The first part grades the depth of impaction relative to the occlusal plane — the level at which the rest of your teeth meet. Class A: the highest part of the impacted tooth sits at or above the occlusal plane of the second molar. The tooth is close to the surface; the surgeon does not have far to go to expose it. Class B: the highest part of the impacted tooth sits between the occlusal plane and the cervical line (the gumline area) of the second molar. Moderately deep. Class C: the highest part of the impacted tooth sits below the cervical line of the second molar. Genuinely deep impaction. More bone removal required, longer surgery, generally higher complication rates.
The second part grades the ramus relationship — how much space is available between the distal surface of the second molar and the anterior border of the ramus (the upright part of the lower jawbone). Class I: there is sufficient space for the third molar's full mesiodistal width to sit anterior to the ramus. Plenty of room for delivery. Class II: about half the tooth sits within the ramus. The available space is constrained but workable. Class III: the tooth is mostly or entirely embedded in the ramus. The least surgical space; significant bone removal almost always required.
So a typical surgical note describing a lower third molar might read: "Mesioangular impaction, Pell & Gregory Class II, Position B." Anyone trained in the system reads that as: tilted forward, moderately deep, the available space against the ramus is constrained. Difficulty grade: moderate to high.
Soft tissue, partial bony, full bony — the depth language
Patients also encounter another set of terms that describe what is covering the tooth. Soft tissue impaction means the tooth has emerged through the bone but is still partly covered by gum tissue. Partial bony impaction means part of the crown is still covered by bone in addition to the gum. Full bony impaction means the entire tooth is still encased in bone, with no communication into the oral cavity. The deeper the bone coverage, the longer the surgery and the higher the surgical fee in most American practices. Full bony impactions are billed at the top of the scale and take the longest to remove.
Read also
If your impacted third molars are still in at forty-plus, the classification still matters but the surgery changes meaningfully — denser bone, mature roots, longer recovery. The companion piece on why the same procedure becomes a different operation later in life.
Why the classifications matter for the consent conversation
The reason a thoughtful patient should understand these systems is not to second-guess the surgeon's classification, but to recognise which procedures genuinely warrant the higher tier of preparation and which can be handled at a more routine level. A vertical, Class I, Position A soft-tissue impaction in a healthy young adult is a brief, low-risk procedure that most general dentists with surgical training can manage well. A horizontal, Class III, Position C full-bony impaction in a forty-five-year-old, with roots that imaging shows running near the inferior alveolar nerve, is a fundamentally different operation that benefits significantly from an oral and maxillofacial surgeon who does cases at this difficulty level routinely.
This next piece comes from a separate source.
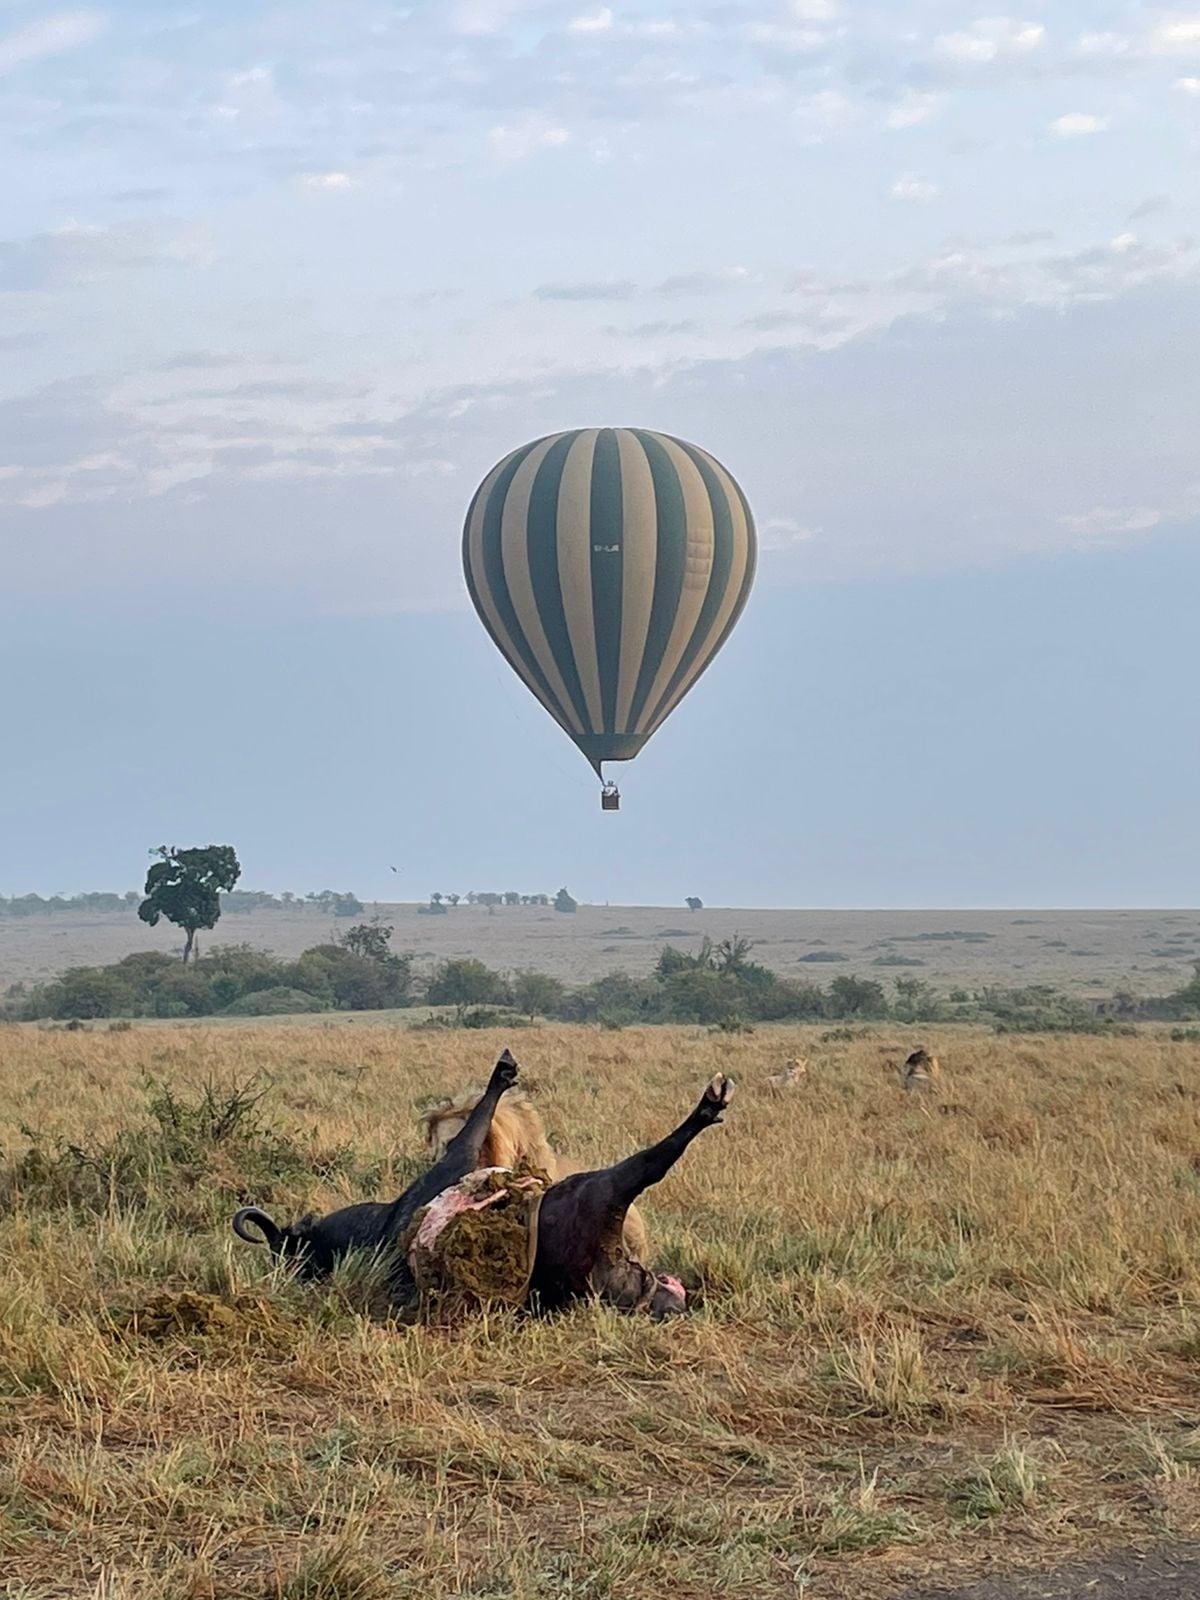 YHA Kenya Travel, Balloon Safaris, Balloon Safaris in Kenya, Activity Adventure, active adventure safari, active adventures, Balloon Safari, Kenya balloon safaris, Hot Air Balloon, Mara Hot Air Balloon, Safari Booking, Safari Bookings, Epic Tours Safaris

The corresponding investigations differ as well. For straightforward impactions, a panoramic X-ray is usually sufficient pre-operative imaging. For deeper or more anatomically complex impactions — particularly any case where the panoramic suggests the third molar roots may be in contact with the inferior alveolar nerve canal — a cone-beam CT scan should be ordered. The CBCT shows the three-dimensional relationship between the roots and the nerve in a way that flat radiographs cannot, and it allows the surgeon to plan the osteotomy and the order of root sectioning before touching tissue. Asking, before surgery, whether the imaging plan is appropriate for the classification of the impaction is a reasonable question.